Eaton Vance Plans Active ETMFs

Eaton Vance plans to adapt existing mutual fund products into active exchange traded managed funds as a way to sidestep the daily disclosure rules associated with ETFs and protect their secret sauce.

The money manager has filed with the Securities and Exchange Commission to create the new ETMF structure, and if approved, the firm will launch 15 to 20 ETMFs that mirror existing mutual funds, reports Mariana Lemann for Ignites. [Eaton Vance Proposes New Active ETF Structure]

“The primary advantage of ETMFs is that its structure is consistent with how most active managers like to manage money.
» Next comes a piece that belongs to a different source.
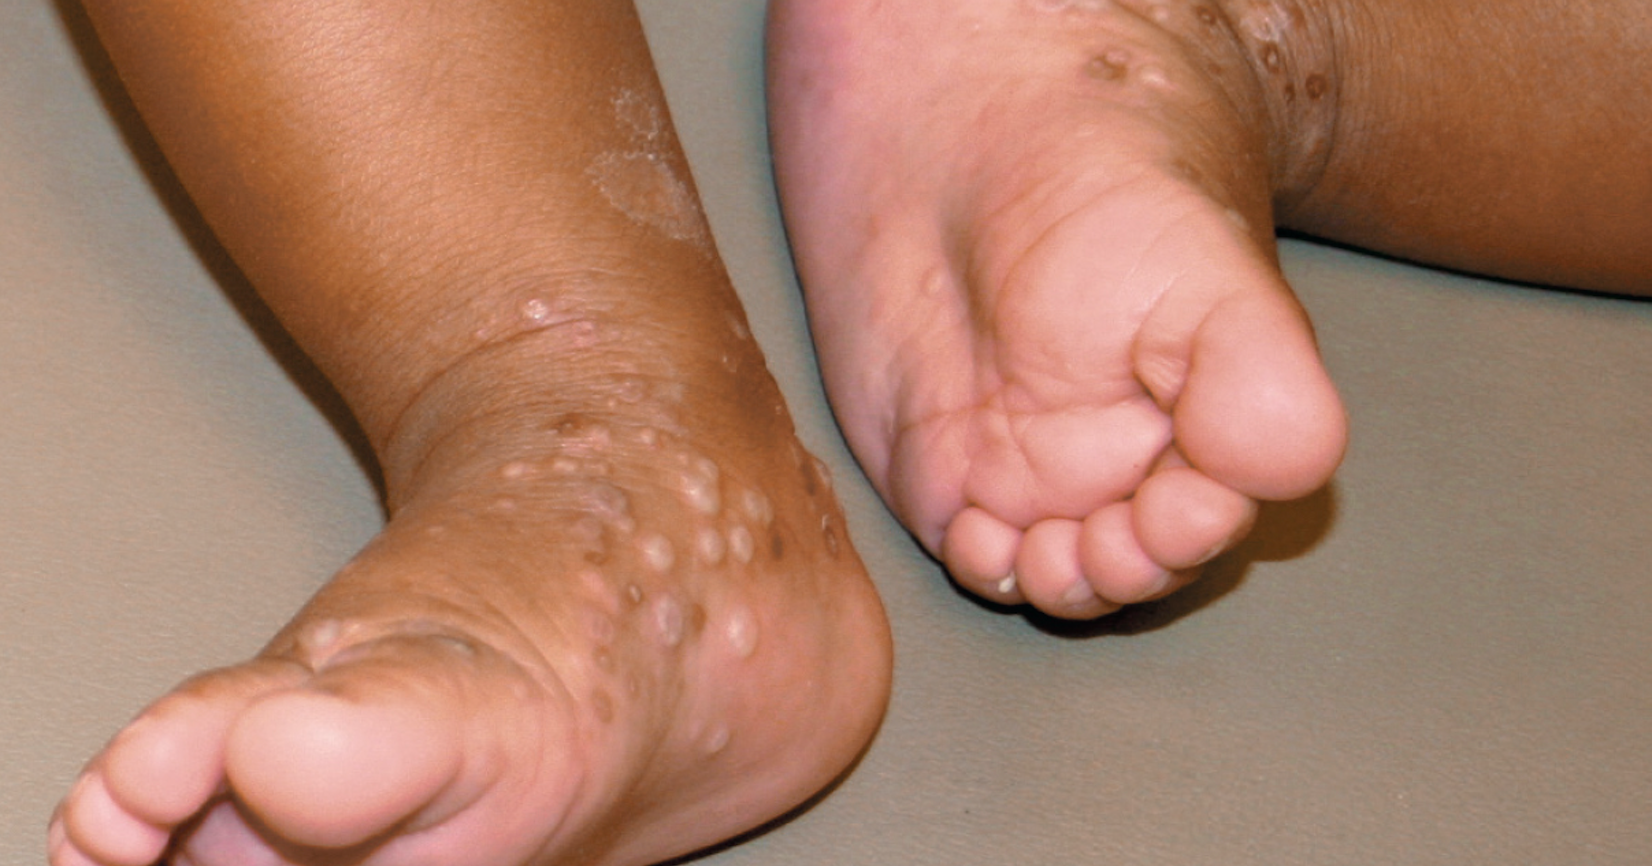 Infant’s pustular eruption is not scabies
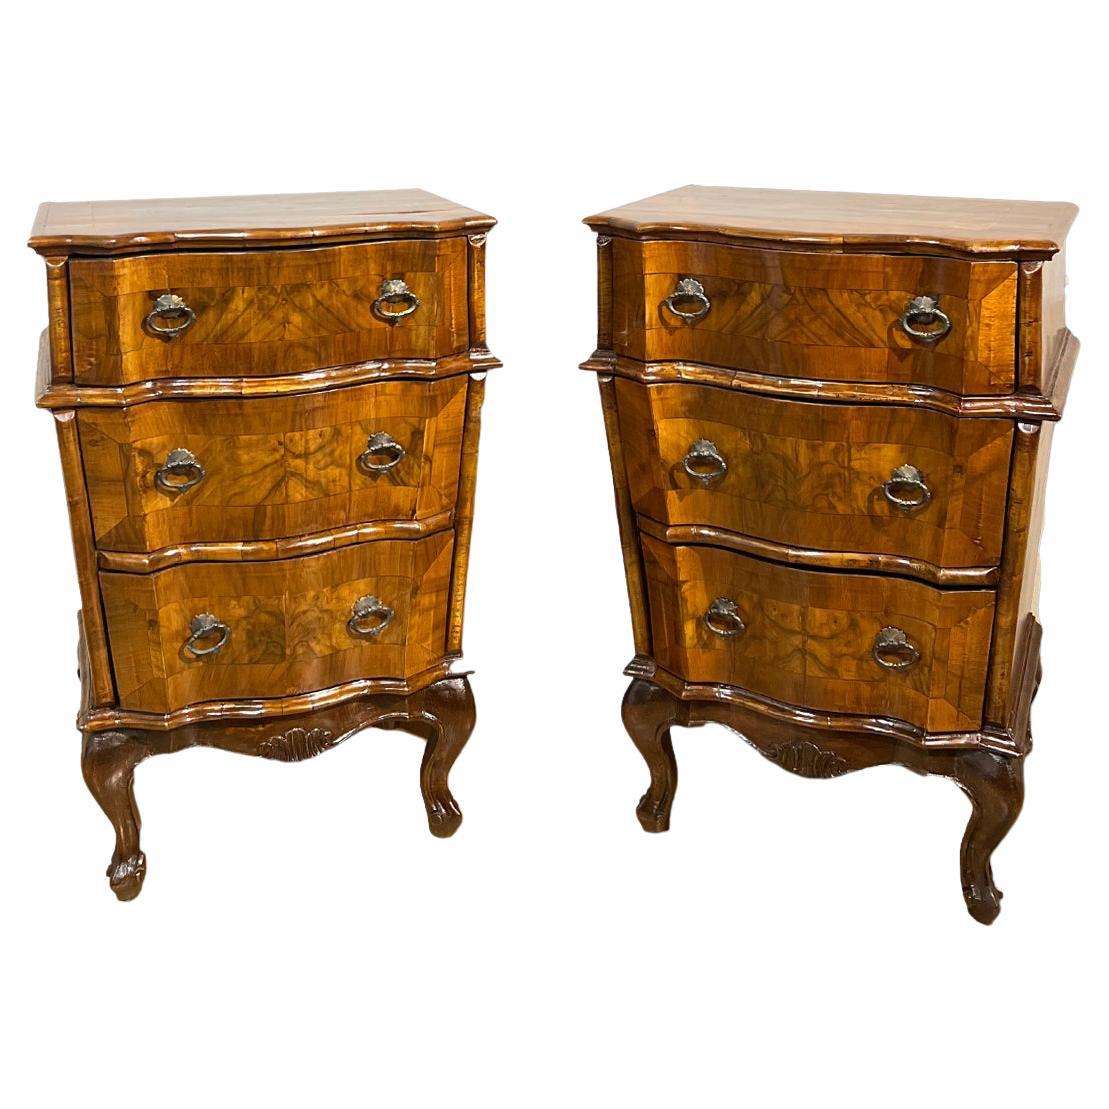 Mid-18th Century Couple of Walnut Bedside Tables

This would not require the same level of transparency of holdings,” Thomas Faust, chairman and CEO of Eaton Vance, said in the article. “Anything you can do in a mutual fund you can do in an ETMF.”

However, the ETMF structure will still come with low costs and tax efficiencies that ETFs are known for. ETMFs will have comparable expense ratios to institutional shares of active mutual funds, minus 10 to 25 basis points.

“We expect them to be cheaper in terms of expense ratios than the lowest-cost actively managed mutual funds, but not as low cost as passive strategies,” Faust said.

The major difference between ETFs and ETMFs will be in the way they trade. ETMFs will be linked to a fund’s net asset value, which is determined at the end of each day – this method of “NAV-based trading” was first developed by Gary Gastineau, the principal at ETF Consultants.